> Your instructions
Would you reproduce exactly, and only, the lines starting at the one with "Hand-Crafted Art Nouveau" and ending at the last line of the data, with both included? Leave the pictures out.

━━ Supplied information

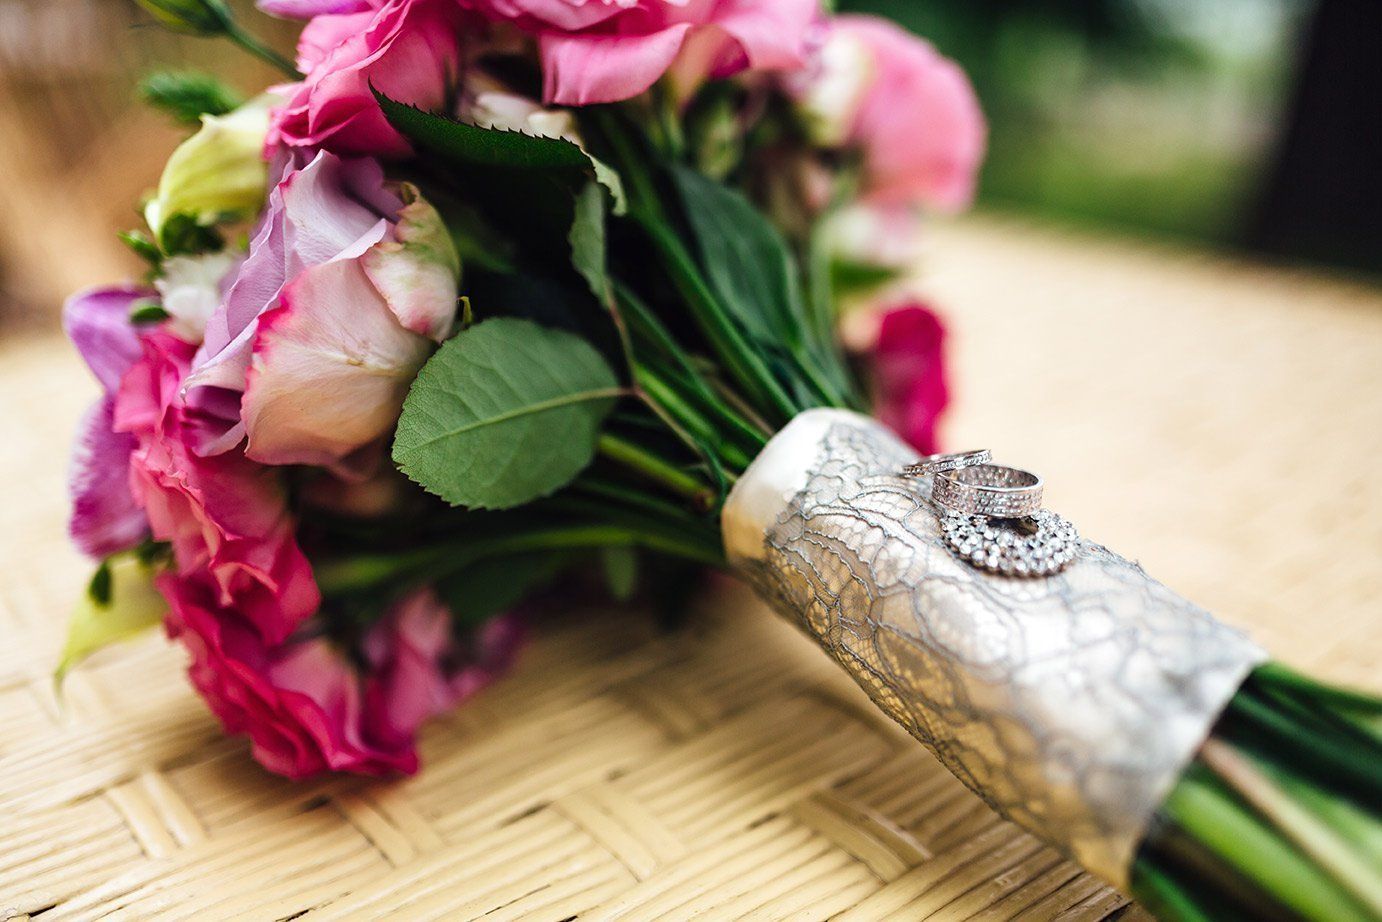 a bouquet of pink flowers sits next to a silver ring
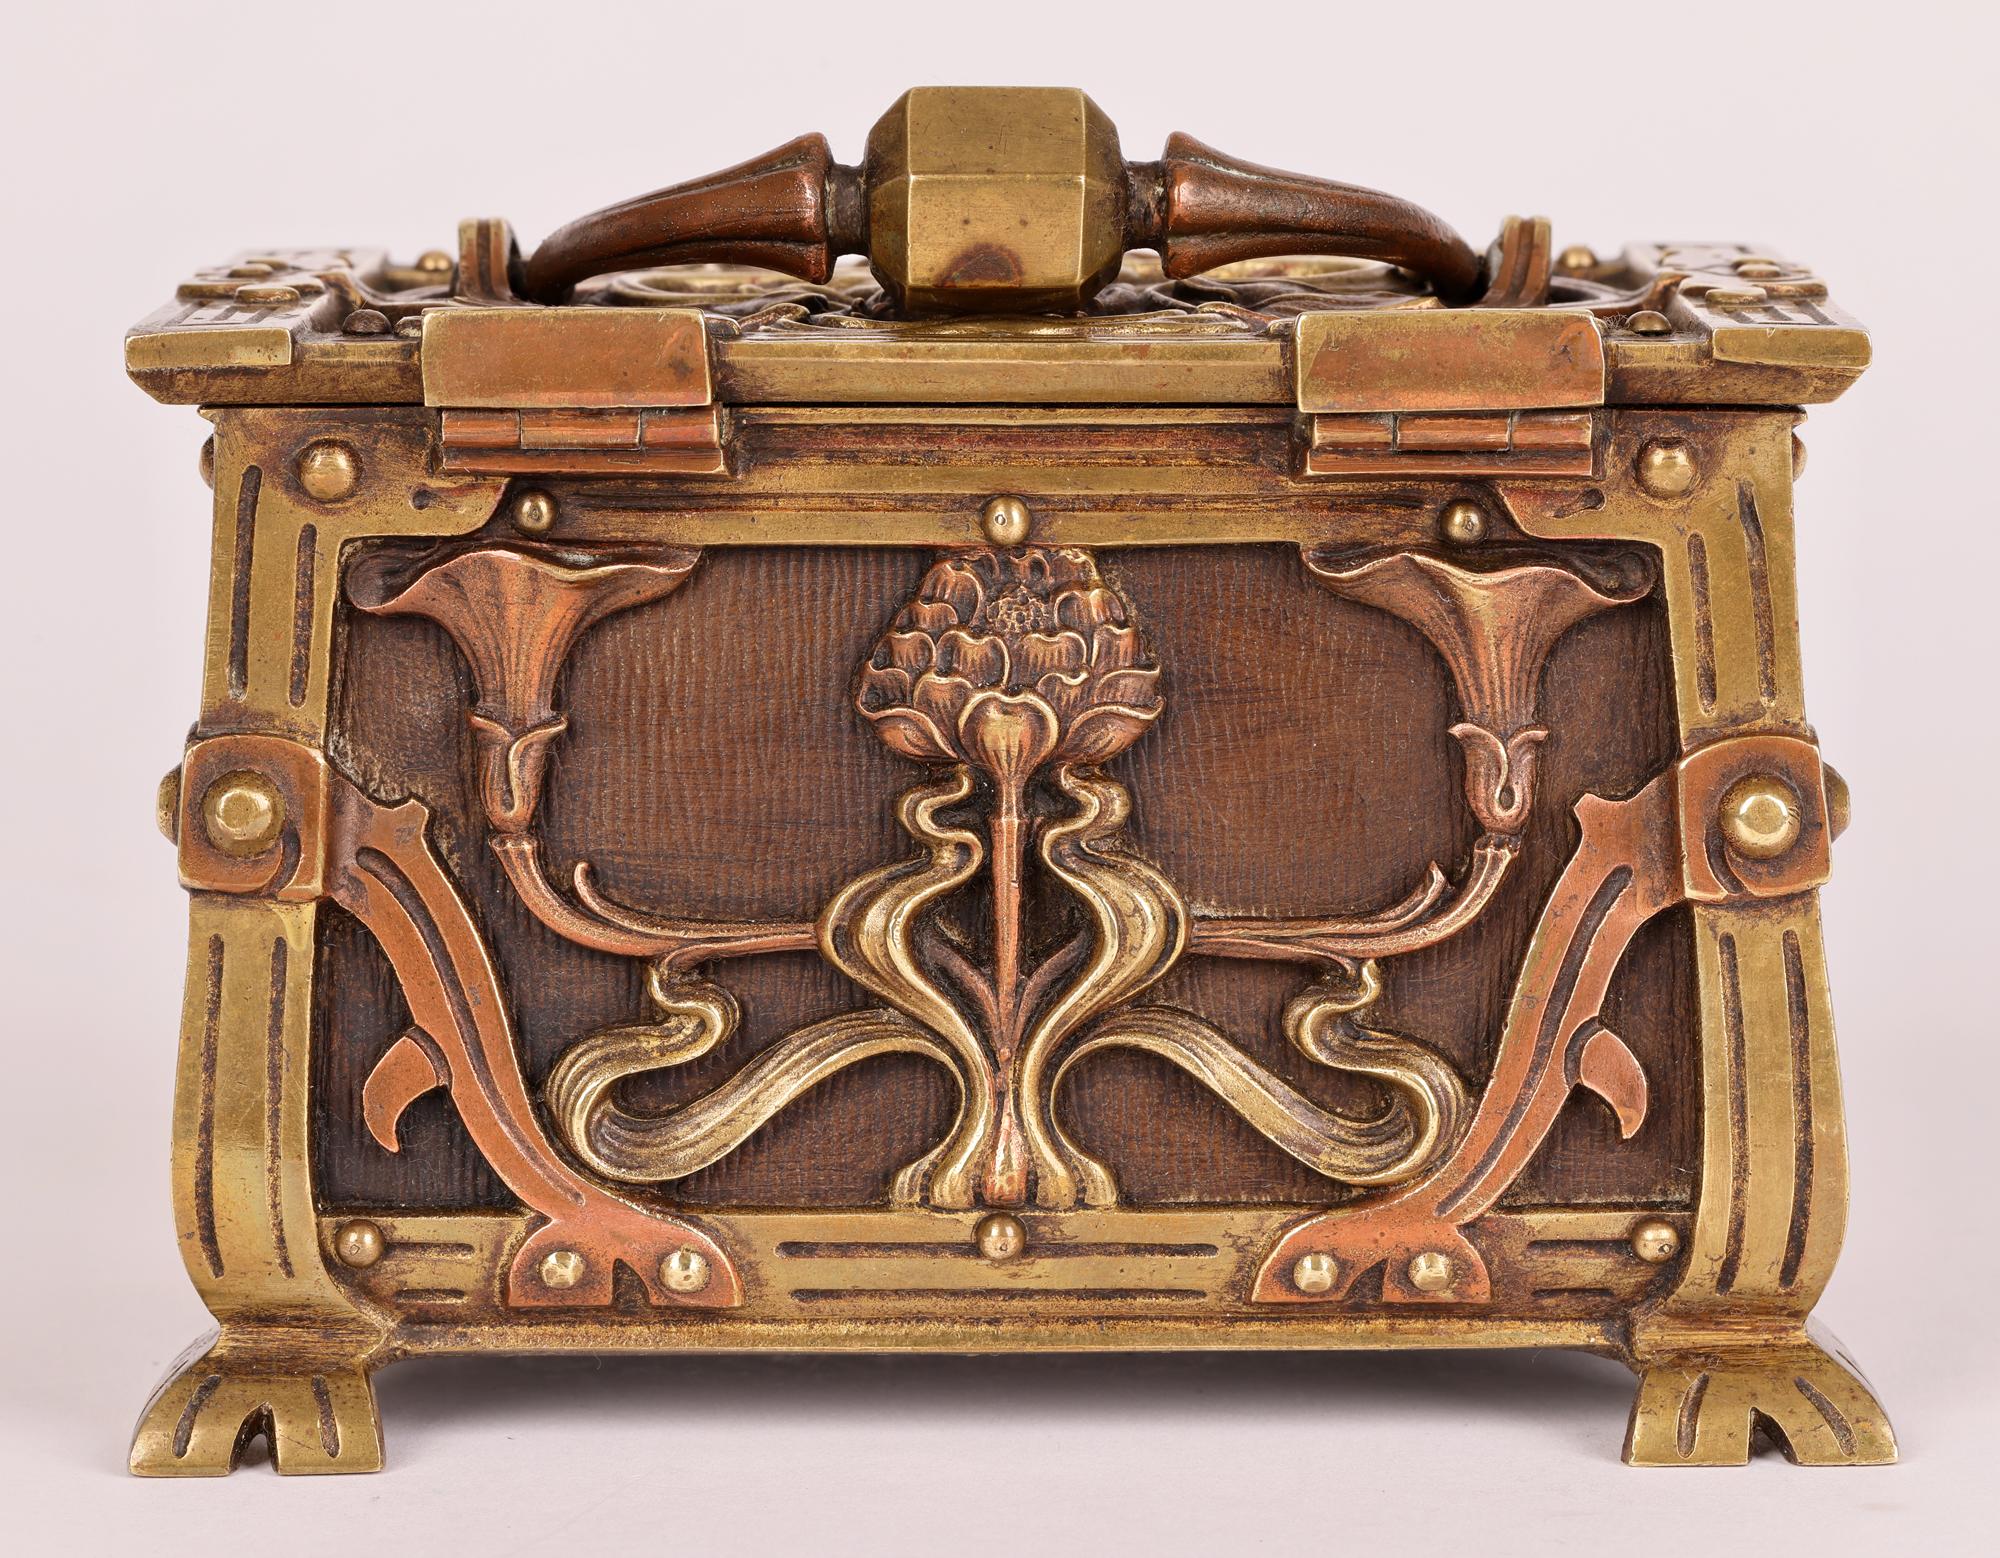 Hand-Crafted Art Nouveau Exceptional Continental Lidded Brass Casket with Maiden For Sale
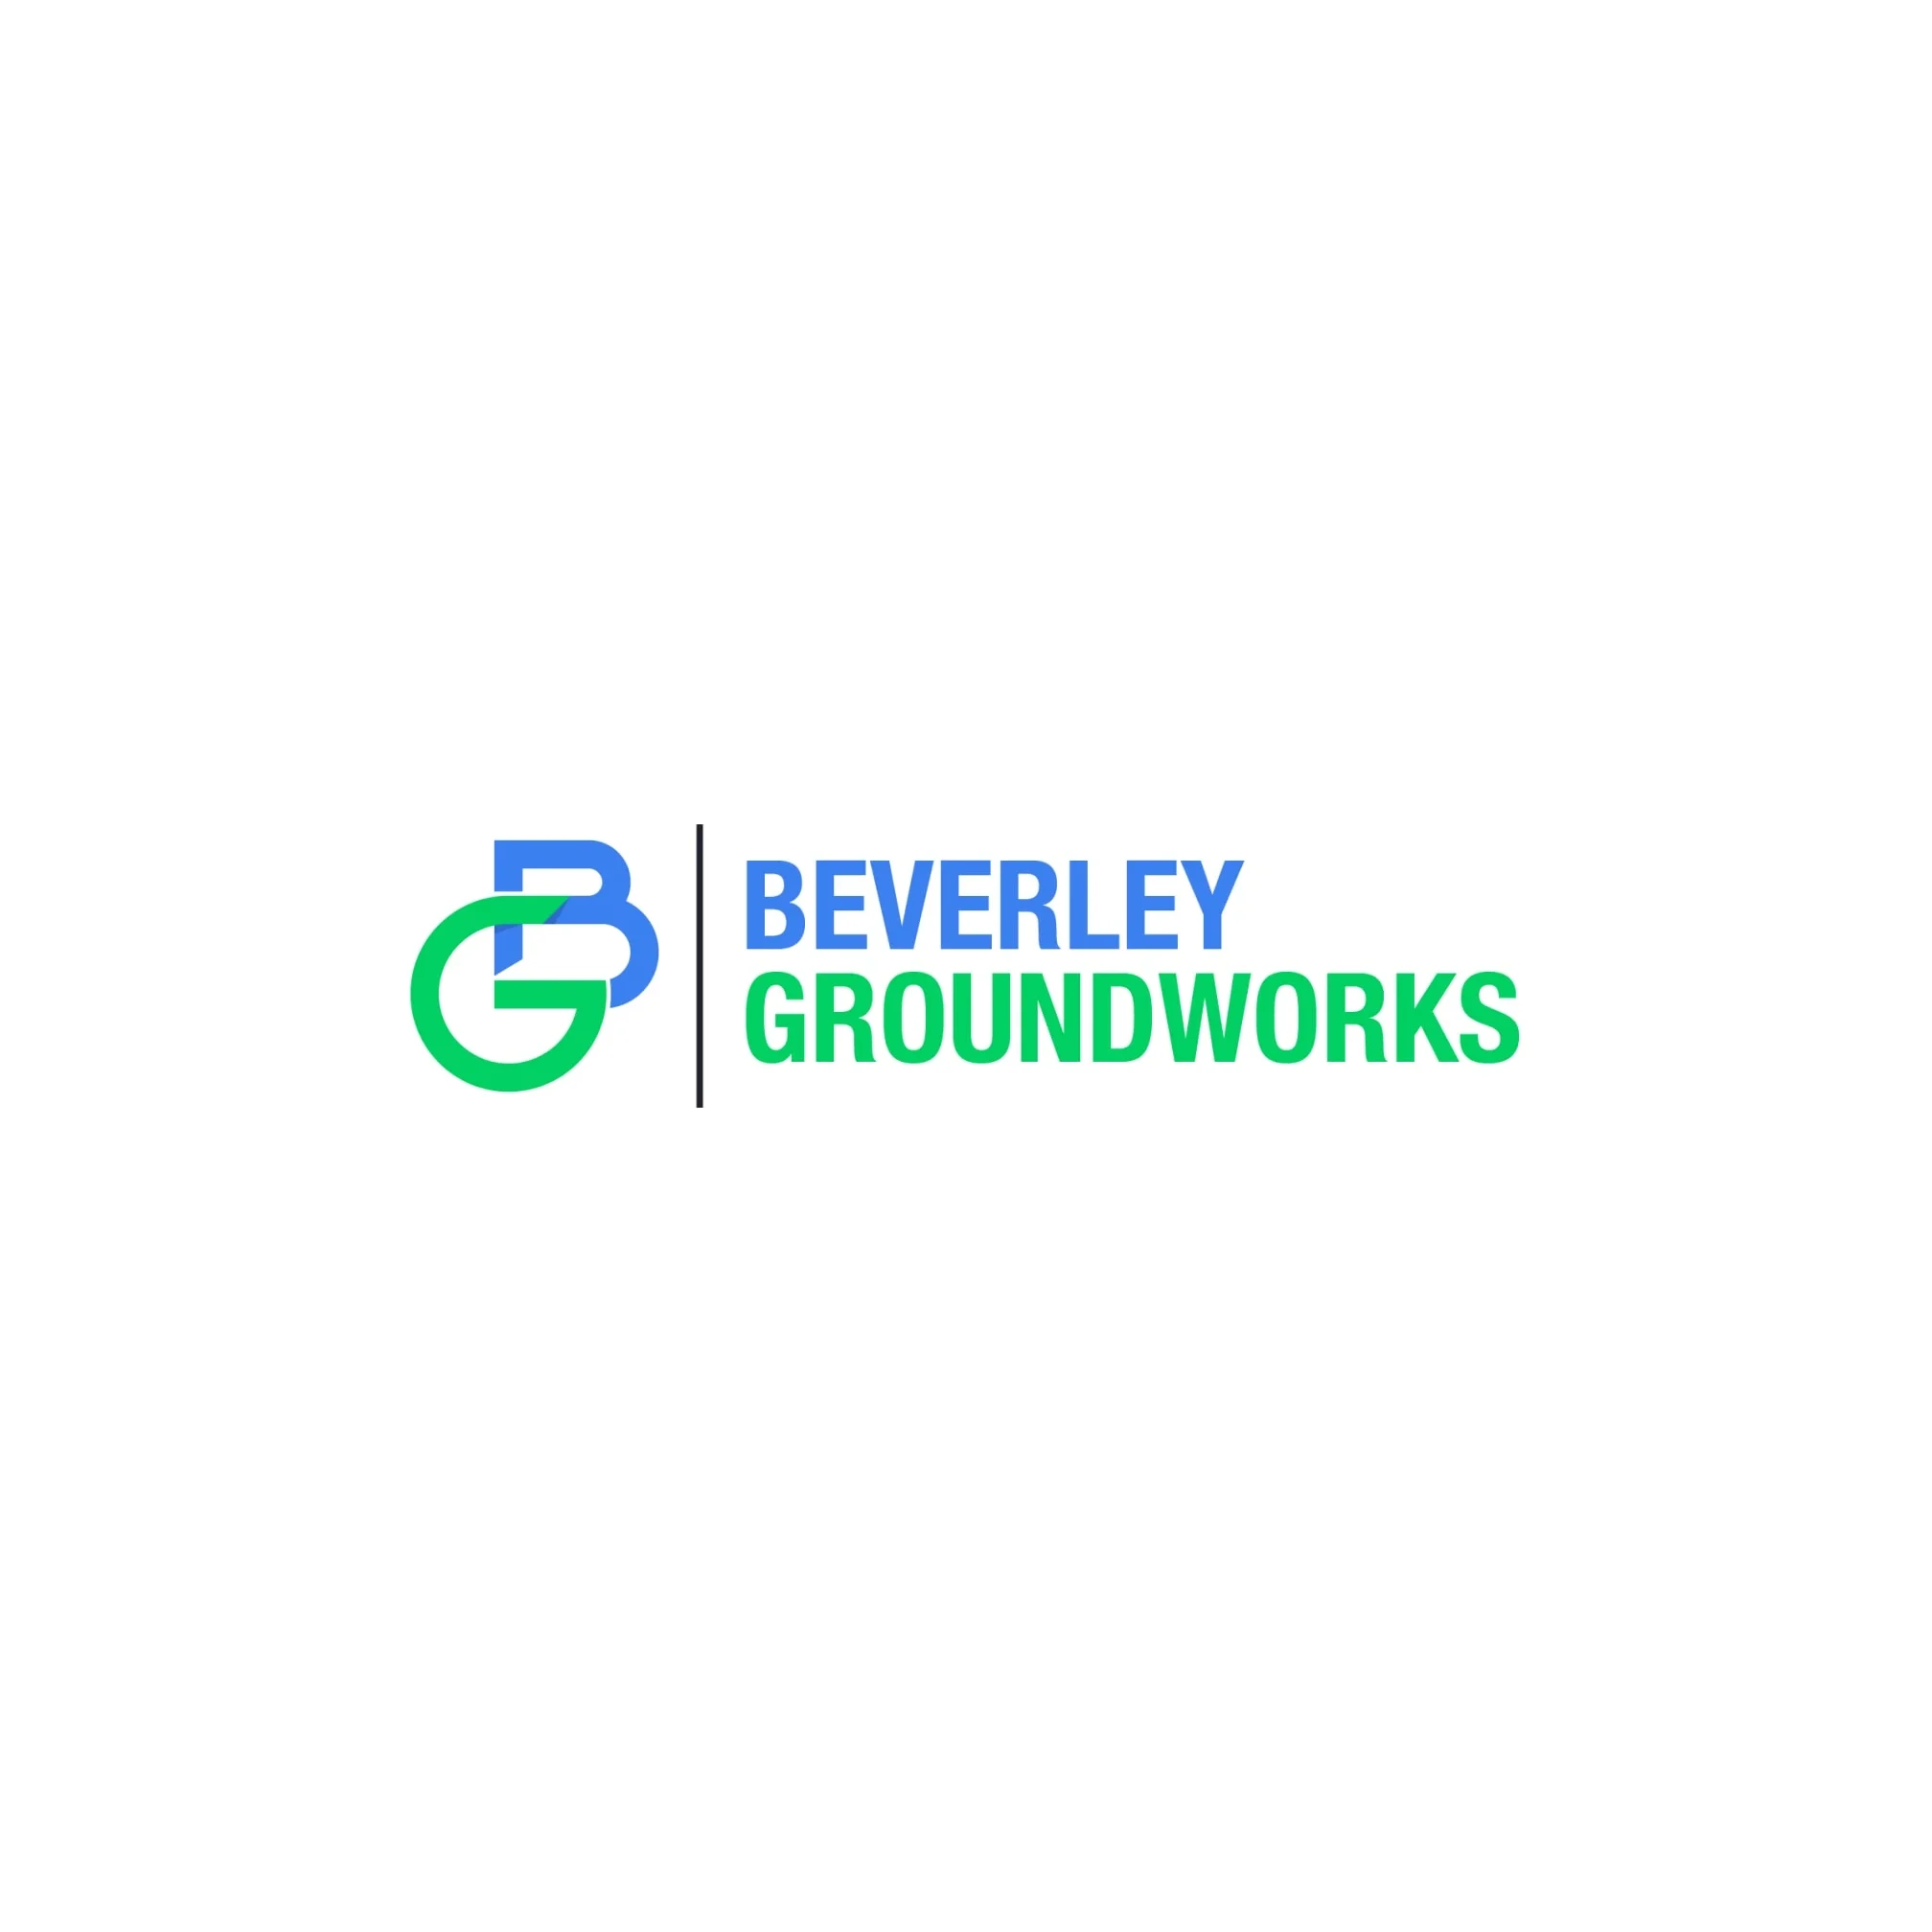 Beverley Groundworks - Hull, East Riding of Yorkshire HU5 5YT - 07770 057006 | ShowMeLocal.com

━━━━

> Task solution
 Hand-Crafted Art Nouveau Exceptional Continental Lidded Brass Casket with Maiden For Sale
 Beverley Groundworks - Hull, East Riding of Yorkshire HU5 5YT - 07770 057006 | ShowMeLocal.com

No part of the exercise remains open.